Escape from death by axe

After a long time, the commander came to the bedroom with a satisfied grim, followed by a few bandits, laughing, undressed to their shirts. The commander told us: »You must lay down and we will bind you so that the Germans will not punish you for keeping and feeding partisans «. He ordered us to lie with faces to the ground, and then beastly murdering started, hacking our heads with axes. There were many murderers because we were murdered almost at the same time. The murderers stayed at our house, enjoying dinner. During the murder we heard mother’s cries; out of the corner of her eye she must have seen the murder of grandpa, grandma, father (her husband) because she was lying next to him. After a while she went quite. We – my sister and I – were lying further apart, near a cradle, our legs towards the parents’ heads. After some time I regained consciousness and heard Banderivtci in the kitchen, walking there and back. I was hearing my mum wheezing. To this day I do not know why I did not stand up. Then I heard steps and immediately returned to the same position. God’s will only. […] After dreadful silence I heard sounds of creaking sleighs, departing. I waited for some time and only then started to move. I was hurting, numb. My younger sister, Teresa, must have regained consciousness because she started to move, feeling the floor with her hand. I asked: »Lila, are you alive?«, to which my sister answered with surprise, or rather asked: »Why would I not be alive? Why are we lying on the floor?«. Then I told her that they had ordered us to lie down and they killed us all. I am injured, and hurting a lot. »I must be injured, too because my hair is sticky and my head hurts terribly«. We were freezing, numb, covered in blood. […] All people at our uncle’s household were also murdered. Opposite, at our neighbours’, the same view. Not a single living soul. Only dogs were howling hideously. No smoke from any chimney”.

Kill Polish gentry!

Such murders started in Eastern Volhynia, and then spread to the West, as far as Włodzimierz Volhyniaski. An outstanding expert on this subject – Ewa Siemaszko – found an apposite description of such tactics – a “moving hell”. It was like that: on the previous day and night, in total secret, UPA squads gathered in woods around a Polish village, armed to the teeth, also with machine guns, and with them were gangs of peasants. They were carried forks, axes, knives, hammers. They knew the area and their Polish neighbours well, so they first served as guides and later as executioners, who showed no mercy to the killed people, some of whom they knew since childhood. At dawn, gangs of murderers, some on horses, surrounded a village so that nobody could escape. Then a strike force would enter the village, and house after house murder anyone they found.

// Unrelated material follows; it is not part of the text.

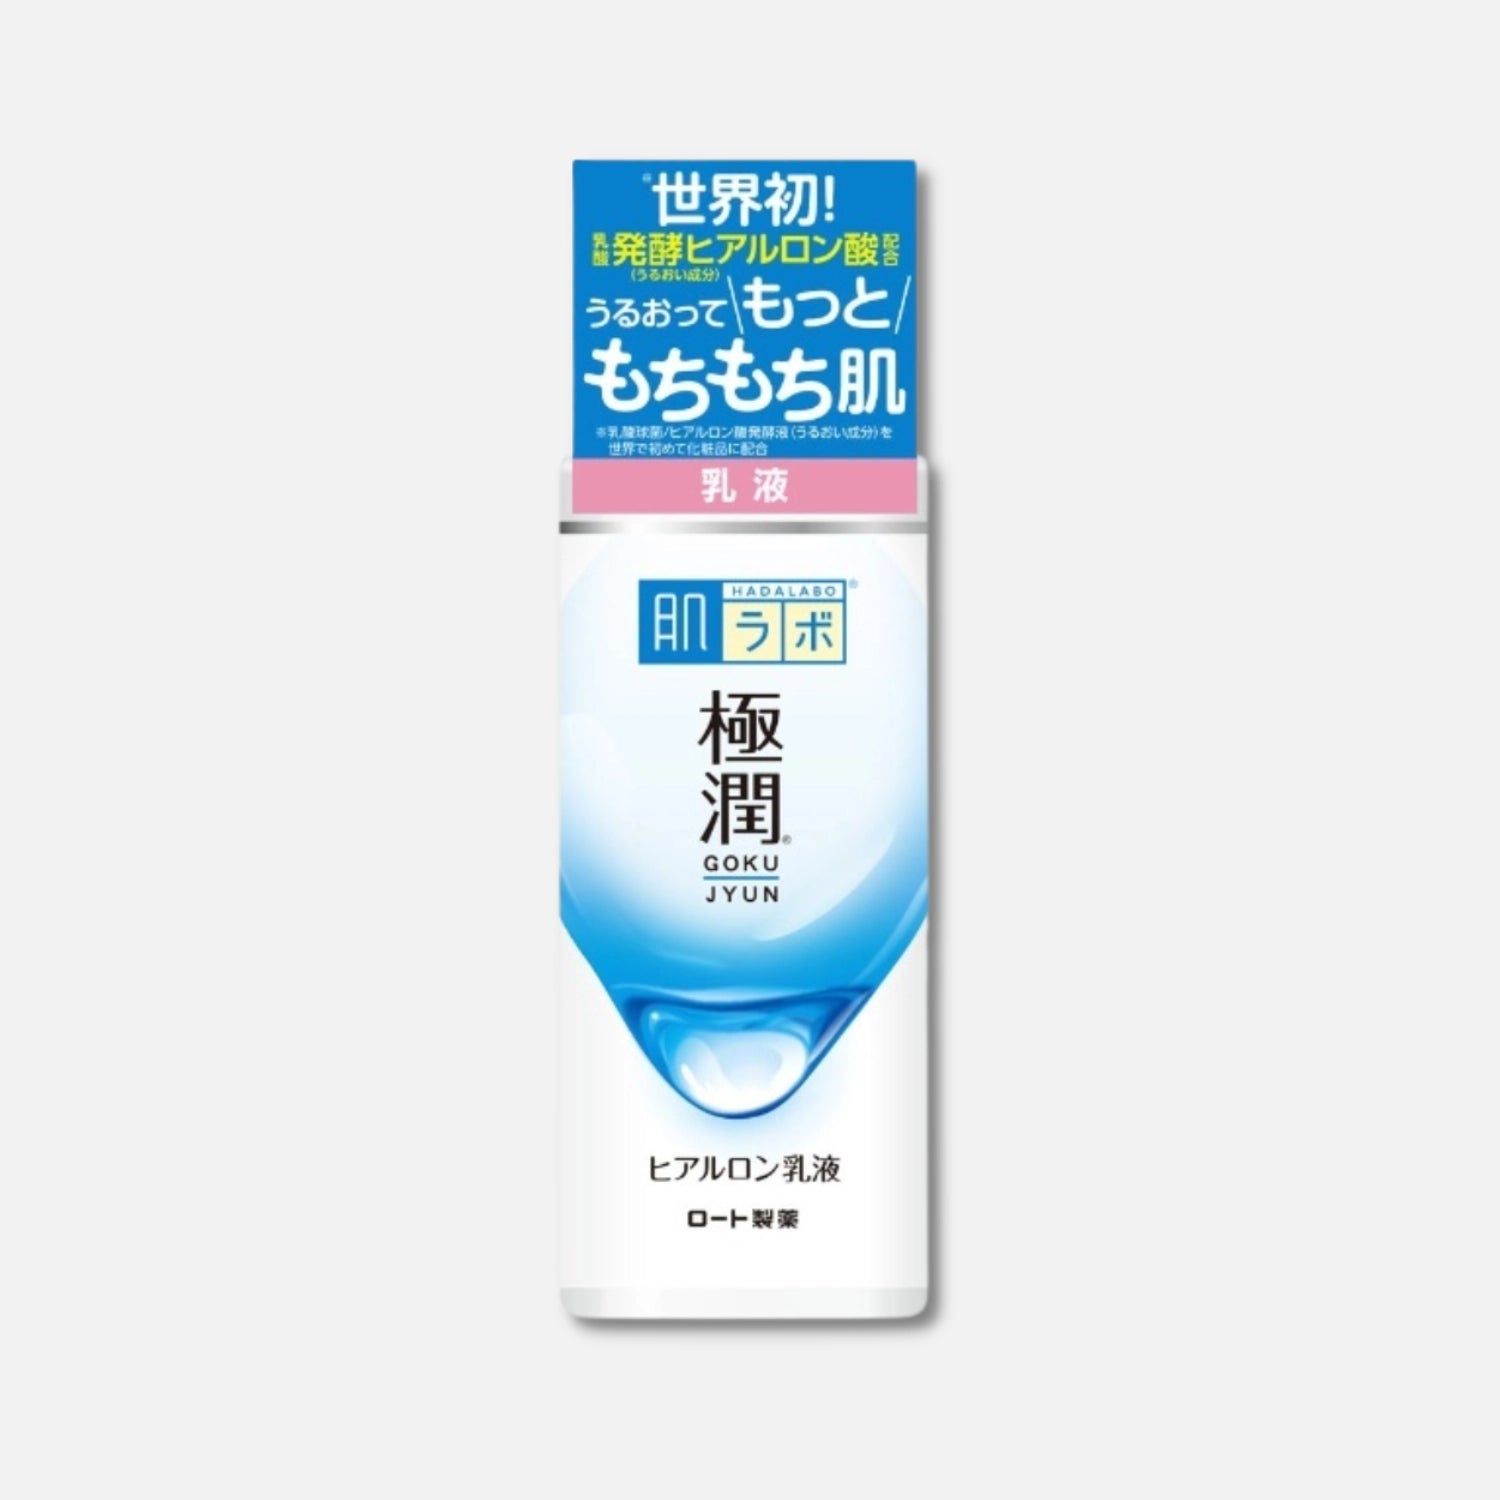 Hada Labo Milky Lotion 140ml - Buy Me Japan

They perfidiously chose Sundays to catch Poles gathered for a mass in church and to be certain that nobody would be working in the field or in the forest. One such Sunday was 11 July 1943, when 99 villages and settlements inhabited by Poles were attacked. In Poryck 200 people were killed in a Roman Catholic church. the priest was captured and killed later. Murderers visited every house. To save bullets, they killed people with forks, axes and anything else they brought with them.

Iwan Hryń, captured by NKVD testified: “We had a heavy machine gun (Russian) and two small calibre mortars. At nigh we prepared ourselves and on the next day the whole gang, including me, attacked a Polish church, in which a mass was under way; some 200 hundred people were there, [including] elders and small children. The church was surrounded and the killing started, we fired from the machine gun through the main entrance and windows, as a result killing many people and children; those who were trying to escape were chased and killed. Then, a pogrom of individual families started, in which I also participated”.

In the village Gurów, only 70 out of 480 Poles survived; at Orzeszyn settlement, out of the total population of 340, 270 Poles were killed; in Sądowa village, out of 600 Poles, only 20 escaped death, at Zagaje settlement, a few out of 350 Poles survived. Stepan Redesz, a platoon commander, testified during the investigation: “We surrounded five Polish villages and during one night and the following day we burnt those villages to the ground and hacked all two thousand inhabitants to death. My platoon participated in burning one larger village, and the adjacent khutor. We slaughtered around one thousand Poles. Many of them – men, women, elders, children – we would throw alive to wells and then shoot. Others we stabbed with bayonets, hacked with axes and shot. We did it all under the motto: »Kill Polish Gentry which is coming to Ukrainian land «”.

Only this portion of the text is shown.